* **Work item**:
Return the listing in full and exactly, but without a single picture.
*** Collected material Section Begins ***
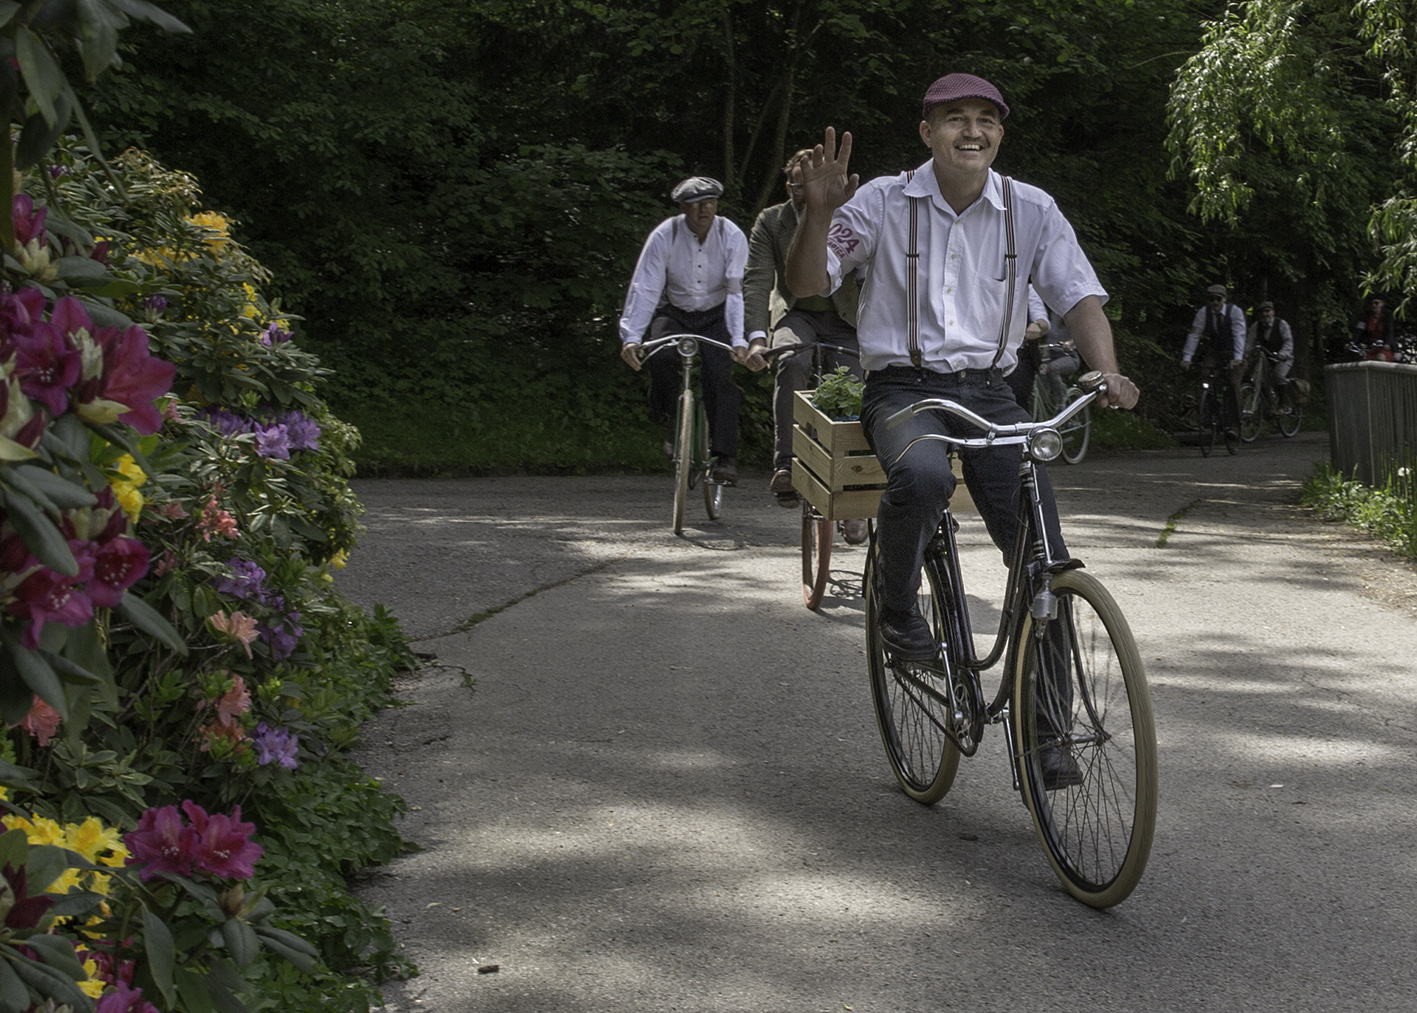 Farradfahrer_375A4458
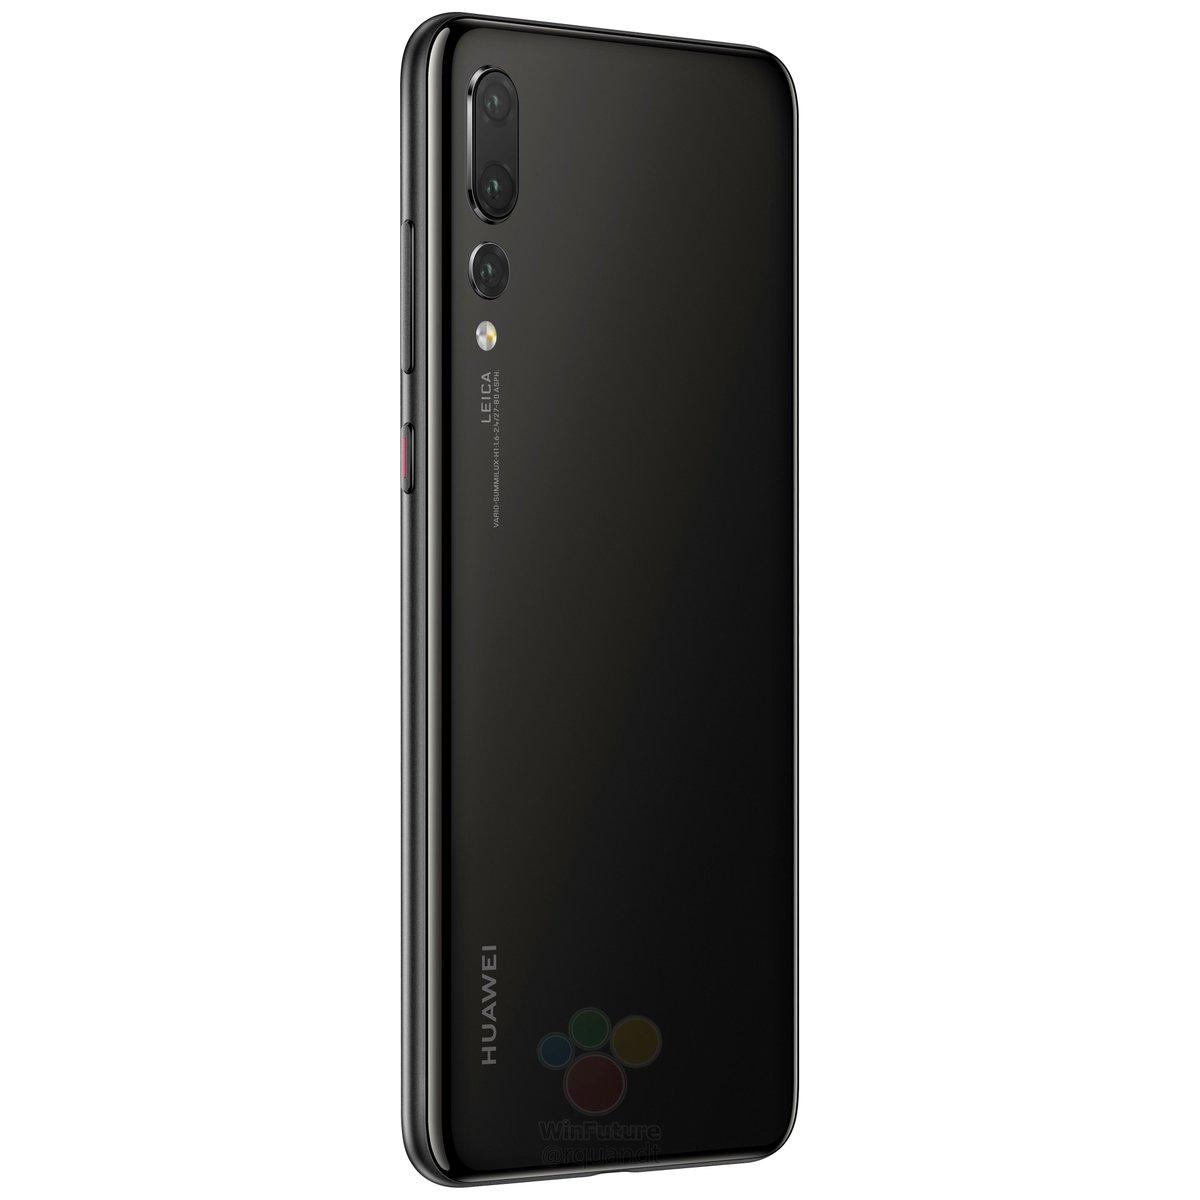 Huawei-P20-Pro-7
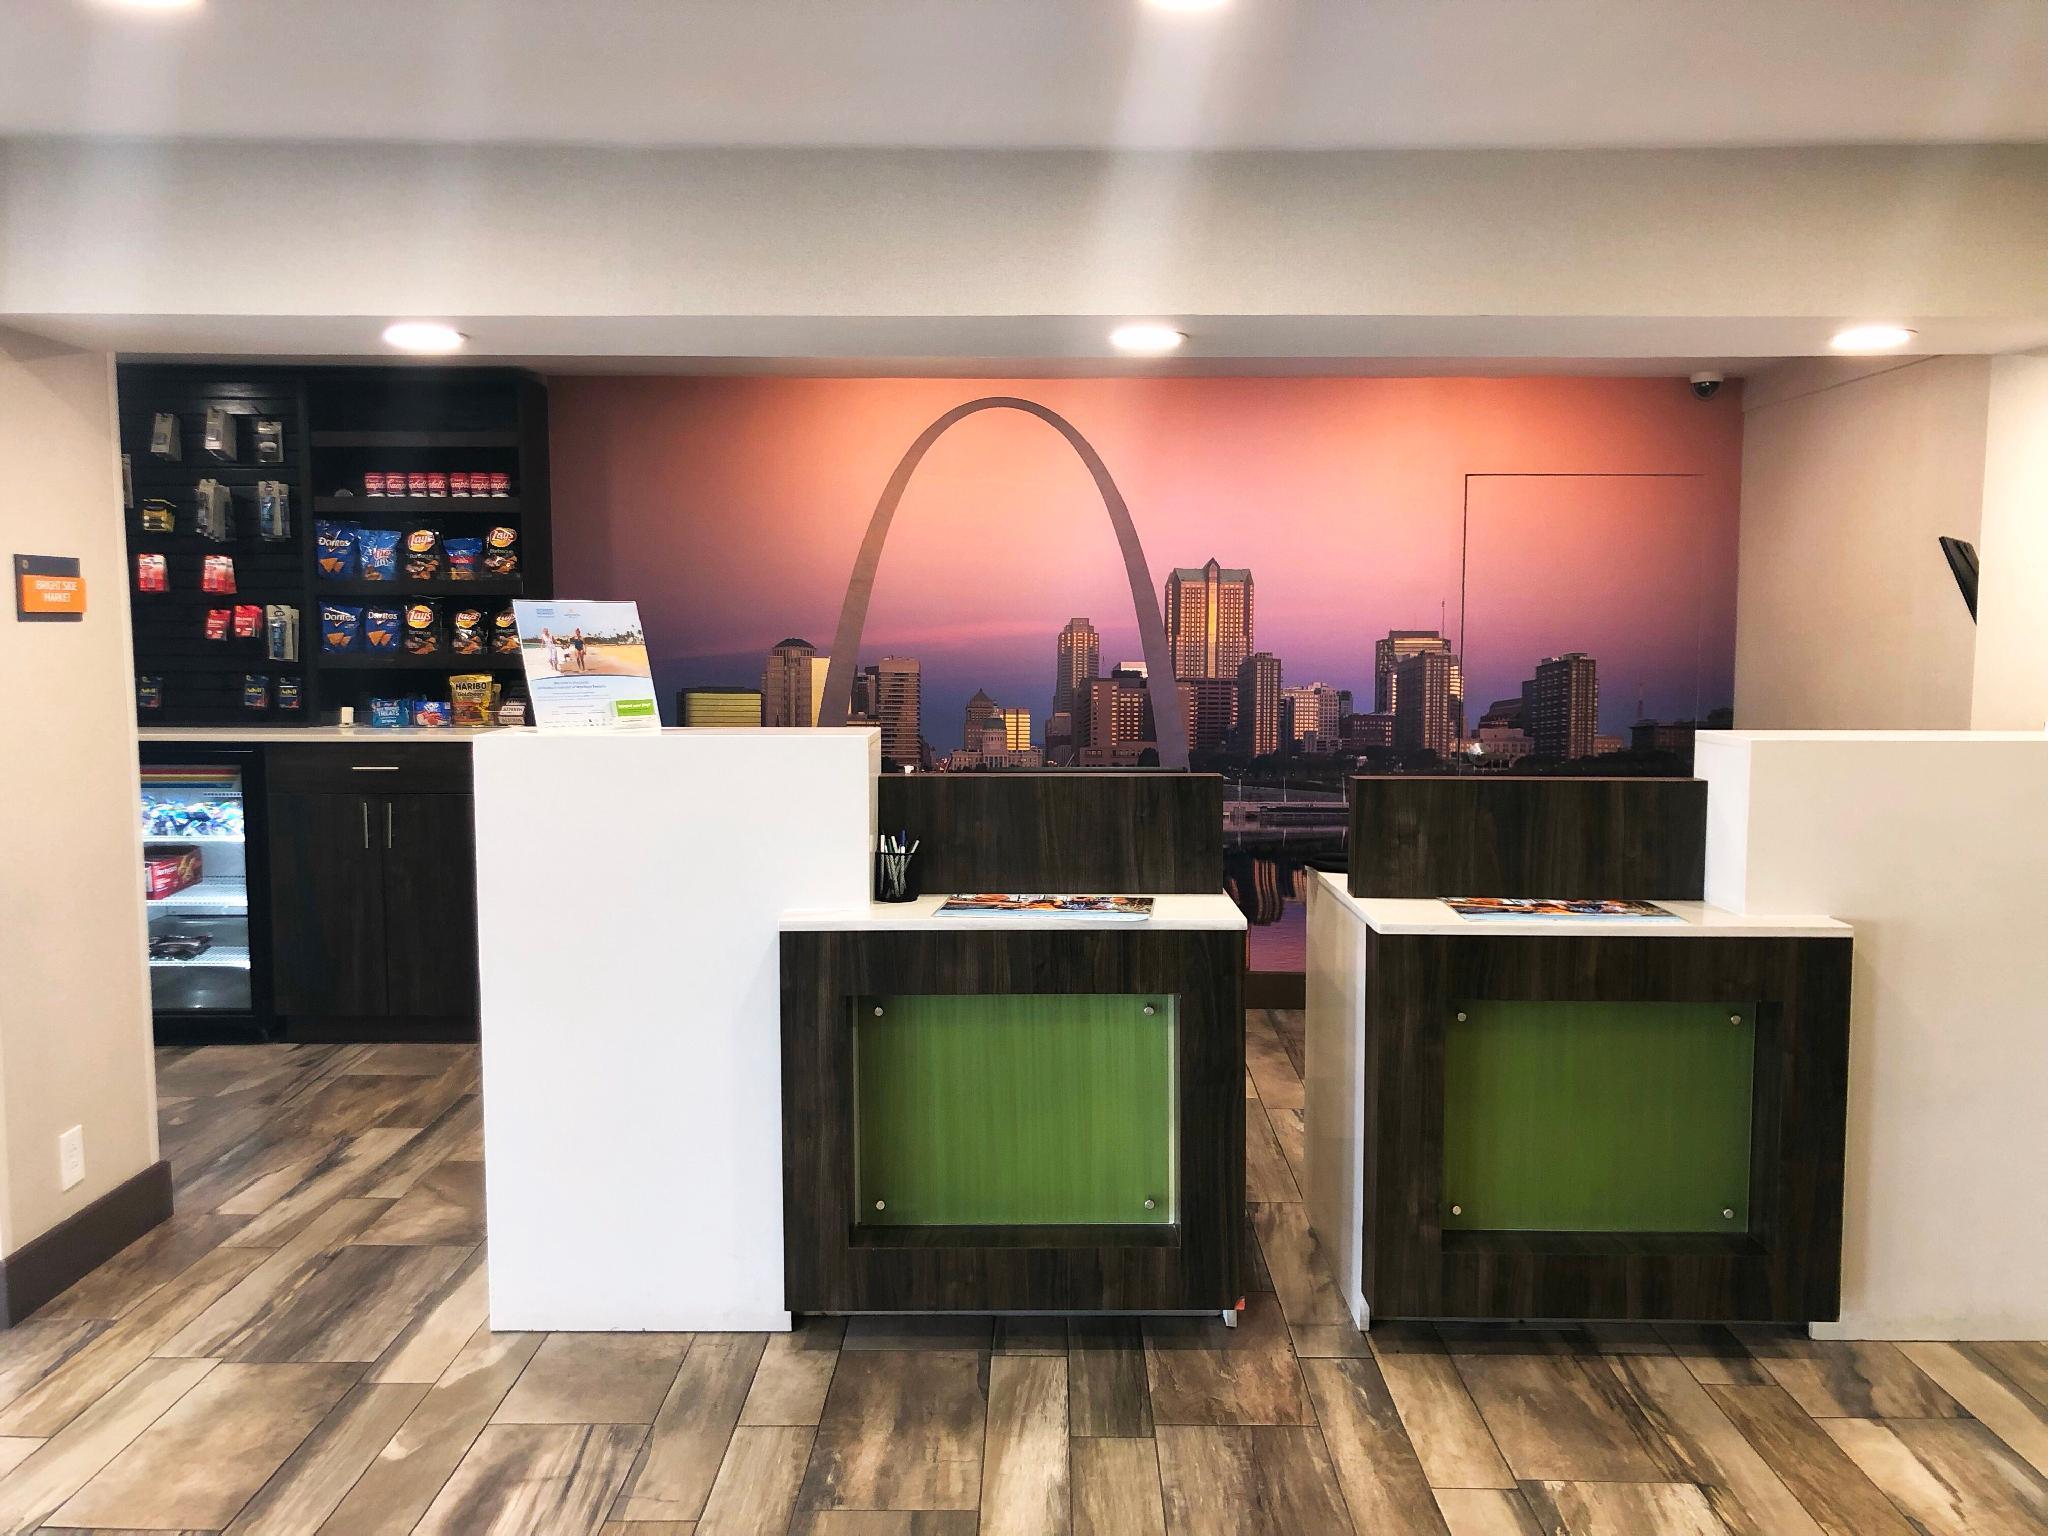 La Quinta Inn By Wyndham St. Louis Hazelwood   Airport North
*** Collected material Section Ends ***
* **Reply**:
 Farradfahrer_375A4458
 Huawei-P20-Pro-7
 La Quinta Inn By Wyndham St. Louis Hazelwood   Airport North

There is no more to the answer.